News and Opinion from Sisters, Oregon

Bernard Cornwell's Richard Sharpe series

Bernard Cornwell has a very interesting life story that got him to the point of writing several fictional series. He was born in England in 1944 and adopted when he was six weeks old. His new parents were members of a strict fundamentalist sect called the Peculiar People, who forbade just about everything kids and young adults were interested in. Cornwell definitely expressed his rebellion toward all those restrictions when he started to write historical novels about war, realistic wartime relationships, and fighting.
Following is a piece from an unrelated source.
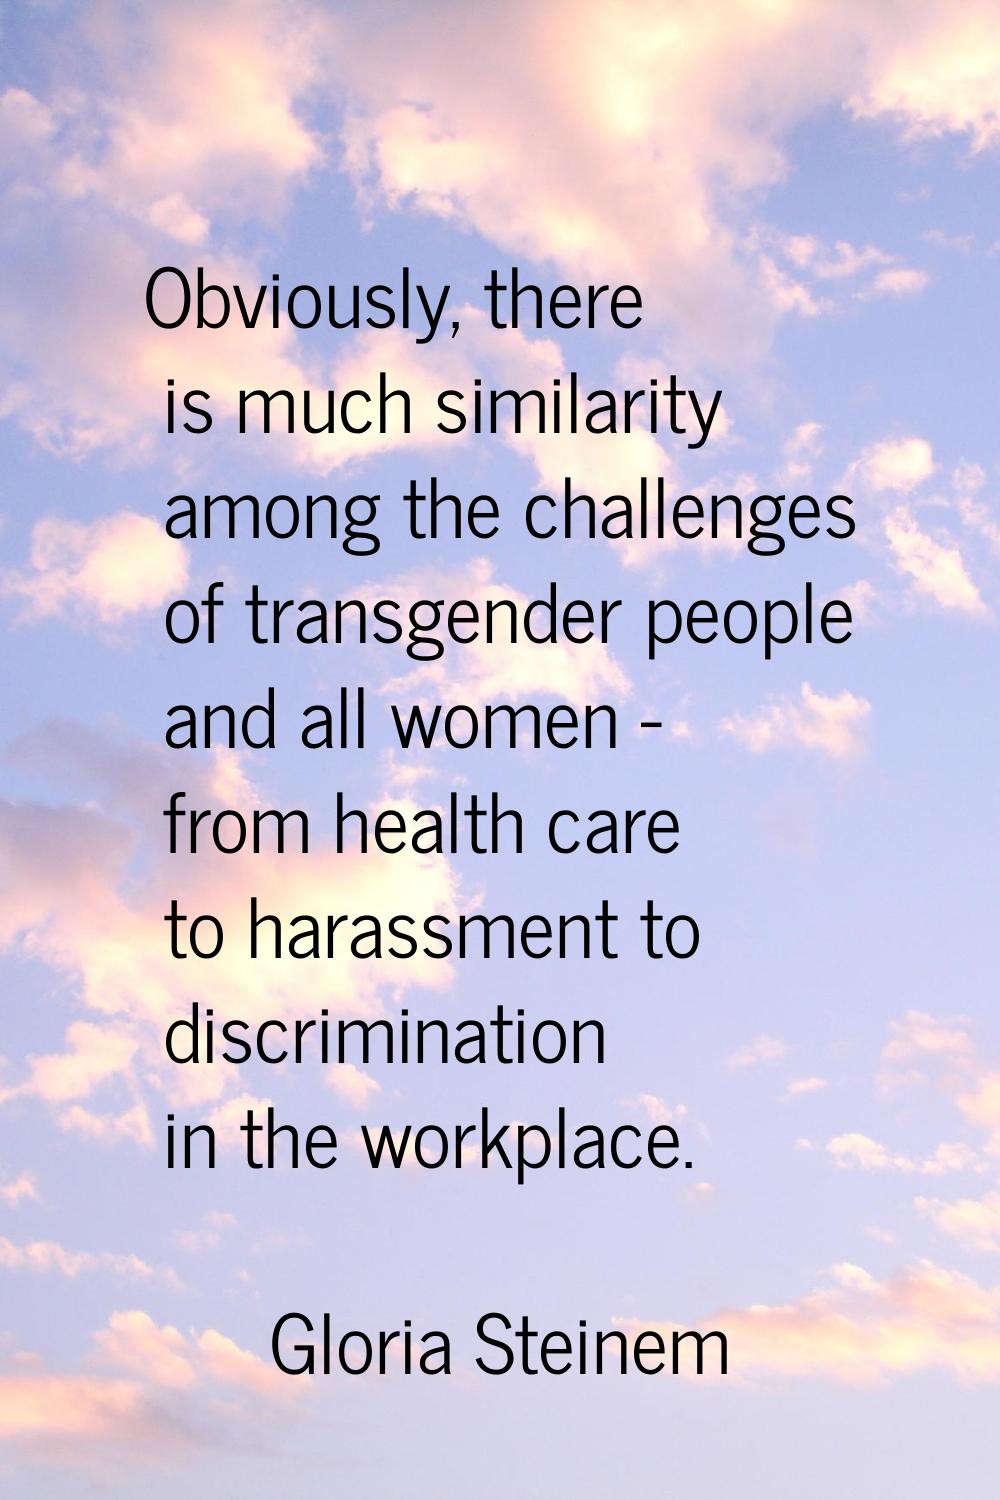 Obviously, there is much similarity among the challenges of transgender people and all women - from

He tried to enlist in the service several times, but was denied entry due to poor eyesight. After getting his college degree, he started working for the British Broadcasting Company, but fell in love with an American and moved to the U.S. around 1980. After the move, it took a while for him to get his green card, so he spent the waiting time by beginning his series about a fictional 19th-century military hero, Richard Sharpe. This was a lucky break for the millions of readers who like military fiction. Cornwell has written more than 20 novels featuring Sharpe, plus several other fictional series. A new book in the Sharpe series is coming out next year.

I chose “Sharpe’s Tiger” to read for this review, since it was the first of the Sharpe series (in historical order, not in the order it was written). Sharpe is a good soldier and leader. He reminds me of Horatio Hornblower, but he’s definitely hardcore compared to Horatio — plus he’s Army, not Navy. I’ll do a review on C. S. Forester soon — the Hornblower series is fantastic.

Back to Sharpe. This first book places Sharpe as a private in the British Army, stationed in India in 1799. He’s bored with the time spent doing nothing, he wants to fight, and he has one of the worst sergeants in the army over him. I’m sure most military people out there in the U.S. (and beyond) have probably lived through similar times in the military when you wonder, “What the heck was I thinking when I joined up?” Sharpe wonders that a lot, and privately thinks about how he can get out and go make a life in the civilian world.

Through circumstances beyond his control, Sharpe ends up being sent on a nearly impossible mission to free captured Colonel McCandless. His objective is to free the colonel, hopefully without getting killed by the enemy or his own military. Other than the military leaders who give the assignment to Sharpe, and his sidekick, rookie lieutenant William Lawford, everyone else thinks Sharpe and Lawford have deserted. The story is great, and made even better by knowing it’s based on real battles and history. It is graphic and disturbing in parts, but any military person will tell you that disturbing things happen in real life as well as fiction.

Cornwell has a good personal sense of humor. In one of his past interviews with The Guardian he said, “I look back on it and I think this was insane. One, moving to America without a job, and two, throwing myself on the mercy of writing a novel. But here I am 40 years later.” I wish he would write a book starting from when he was born, and on to this day. The way he found his birth father and mother, the difference it made in his life and the history of both, the addition of more “real” history to his books.

I like the way he puts it: “Historical fiction is a gateway to real history.”